In cosmology, in contrast to ancient Greek philosophers such as Aristotle who believed that the universe had an infinite past with no beginning, medieval philosophers and theologians developed the concept of the universe having a finite past with a beginning (temporal finitism). This view was inspired by the belief in creation shared by the three Abrahamic religions: Judaism, Christianity and Islam. The Christian philosopher, John Philoponus, presented the first such argument against the ancient Greek notion of an infinite past. His logic was adopted by many, most notably; Muslim philosopher, Al-Kindi (Alkindus); the Jewish philosopher, Saadia Gaon (Saadia ben Joseph); and finally Ghazali. They proposed two logical arguments against an infinite past, the first being the "argument from the impossibility of the existence of an actual infinite", which states:[25]

"An actual infinite cannot exist."
"An infinite temporal regress of events is an actual infinite."
".•. An infinite temporal regress of events cannot exist."

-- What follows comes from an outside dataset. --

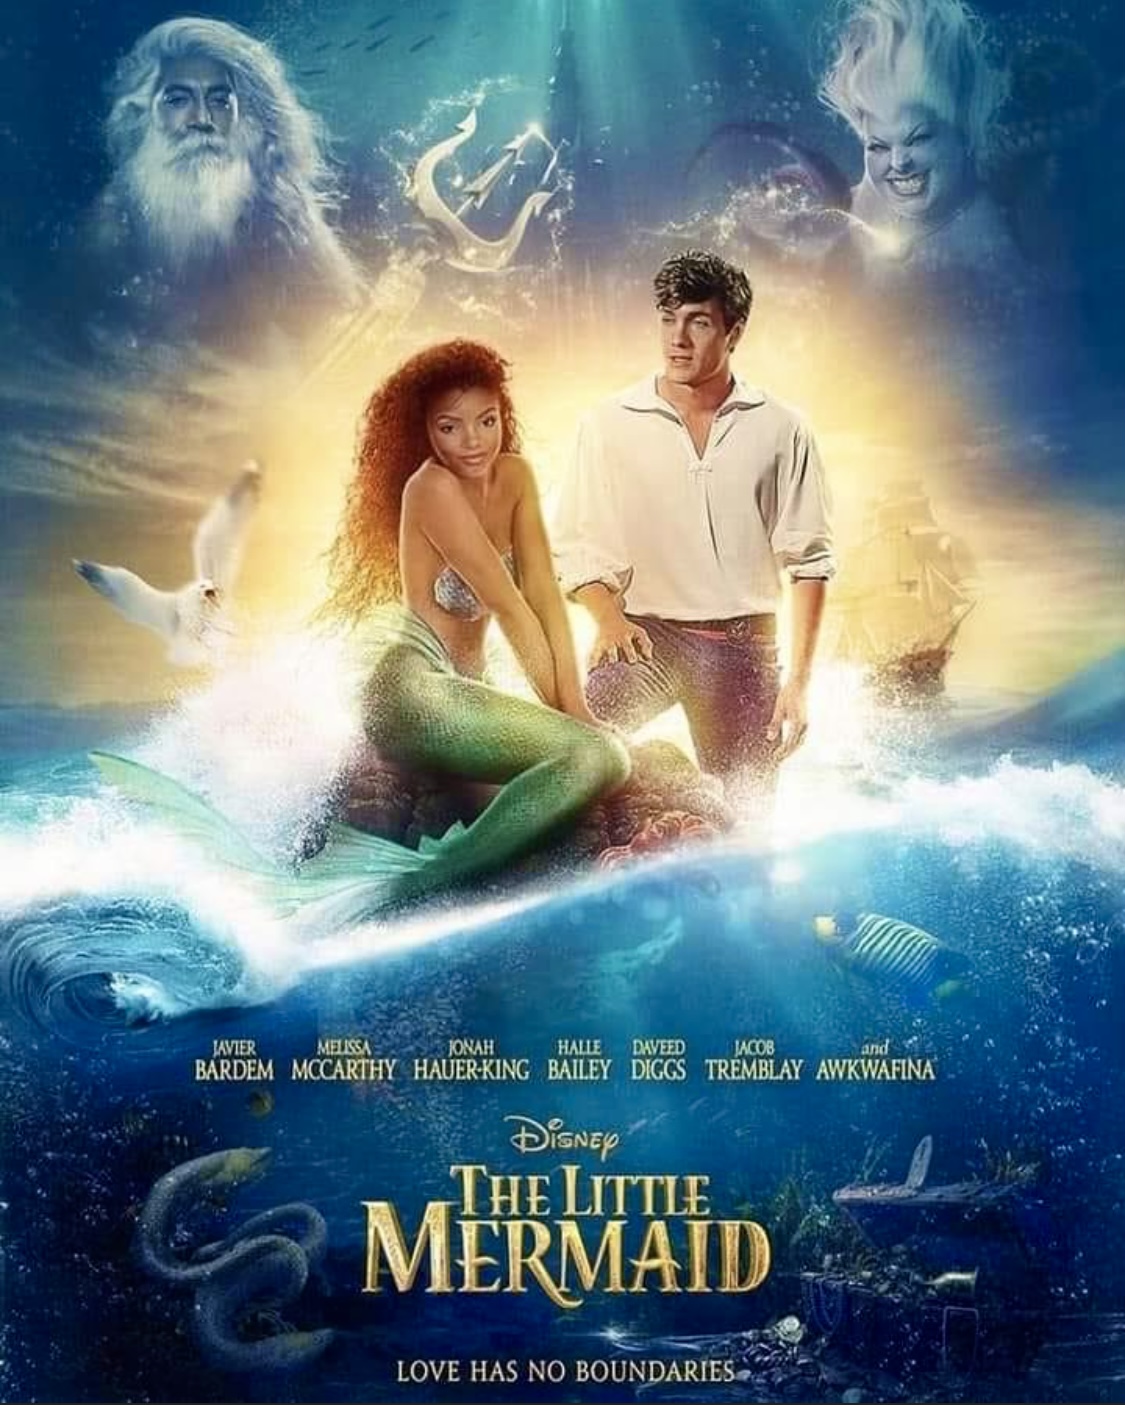 La Petite Sirene Film 2023 - Communauté MCMS™. Nov 2023

His second argument, the "argument from the impossibility of completing an actual infinite by successive addition", states:[25]

"An actual infinite cannot be completed by successive addition."
"The temporal series of past events has been completed by successive addition."
".•. The temporal series of past events cannot be an actual infinite."

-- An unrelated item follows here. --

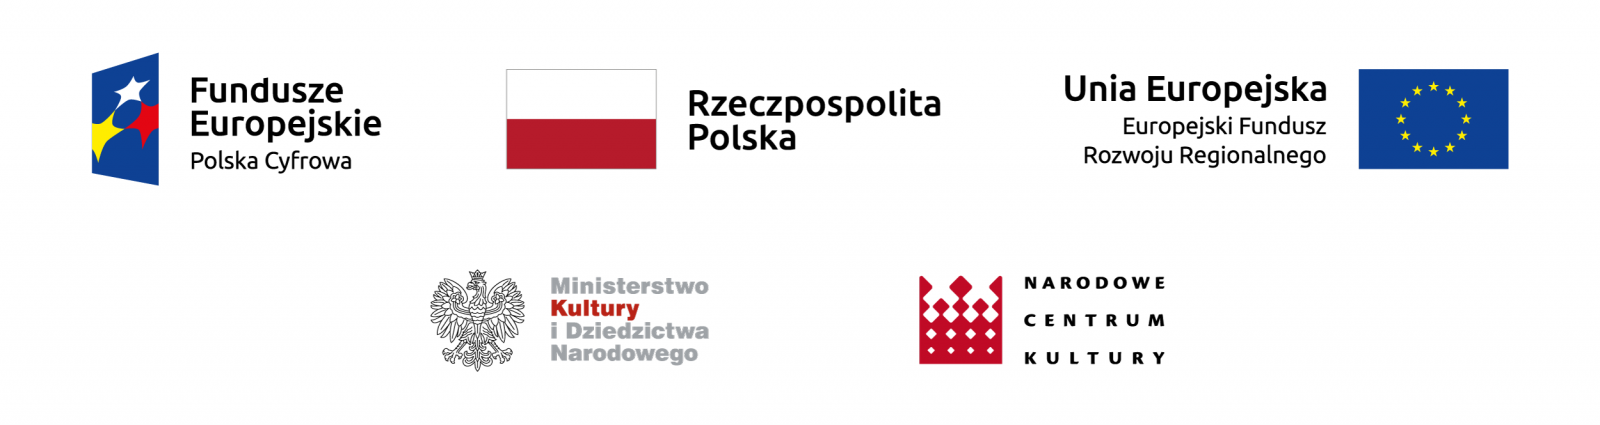 Logotypy projektów unijnych na białym tle

Both arguments were adopted by later Christian philosophers and theologians, and the second argument in particular became more famous after it was adopted by Immanuel Kant in his thesis of the first antinomy concerning time.[25]

Logic

In Islamic logic, Al-Ghazali had an important influence on the use of logic in Islamic theology, as he was the first to apply the Avicennian system of temporal modal logic to Islamic theology.[26] He also established the application of three types of logical systems in Islamic Sharia law and Fiqh jurisprudence: reasoning by analogy, deductive logic, and inductive logic. In cases that have multiple legal precedents, he recommended the use of inductive logic, stating that the "larger the number of pieces of textual evidence is, the stronger our knowledge becomes."[27]

Psychology

In Islamic psychology and Sufi psychology, Ghazali discussed the concept of the self and the causes of its misery and happiness. He described the self using four terms: Qalb (heart), Ruh (spirit), Nafs (soul) and 'Aql (intellect). He stated that "the self has an inherent yearning for an ideal, which it strives to realize and it is endowed with qualities to help realize it." He further stated that the self has motor and sensory motives for fulfilling its bodily needs. He wrote that the motor motives comprise of propensities and impulses, and further divided the propensities into two types: appetite and anger. He wrote that appetite urges hunger, thirst, and sexual craving, while anger takes the form of rage, indignation and revenge. He further wrote that impulse resides in the muscles, nerves, and tissues, and moves the organs to "fulfill the propensities."[28]

Ghazali was one of the first to divide the sensory motives (apprehension) into five external senses (the classical senses of hearing, sight, smell, taste and touch) and five internal senses: common sense (Hiss Mushtarik) which synthesizes sensuous impressions carried to the brain while giving meaning to them; imagination (Takhayyul) which enables someone to retain mental images from experience; reflection (Tafakkur) which brings together relevant thoughts and associates or dissociates them as it considers fit but has no power to create anything new which is not already present in the mind; recollection (Tadhakkur) which remembers the outer form of objects in memory and recollects the meaning; and the memory (Hafiza) where impressions received through the senses are stored. He wrote that, while the external senses occur through specific organs, the internal senses are located in different regions of the brain, and discovered that the memory is located in the hinder lobe, imagination is located in the frontal lobe, and reflection is located in the middle folds of the brain. He stated that these inner senses allow people to predict future situations based on what they learn from past experiences.[29]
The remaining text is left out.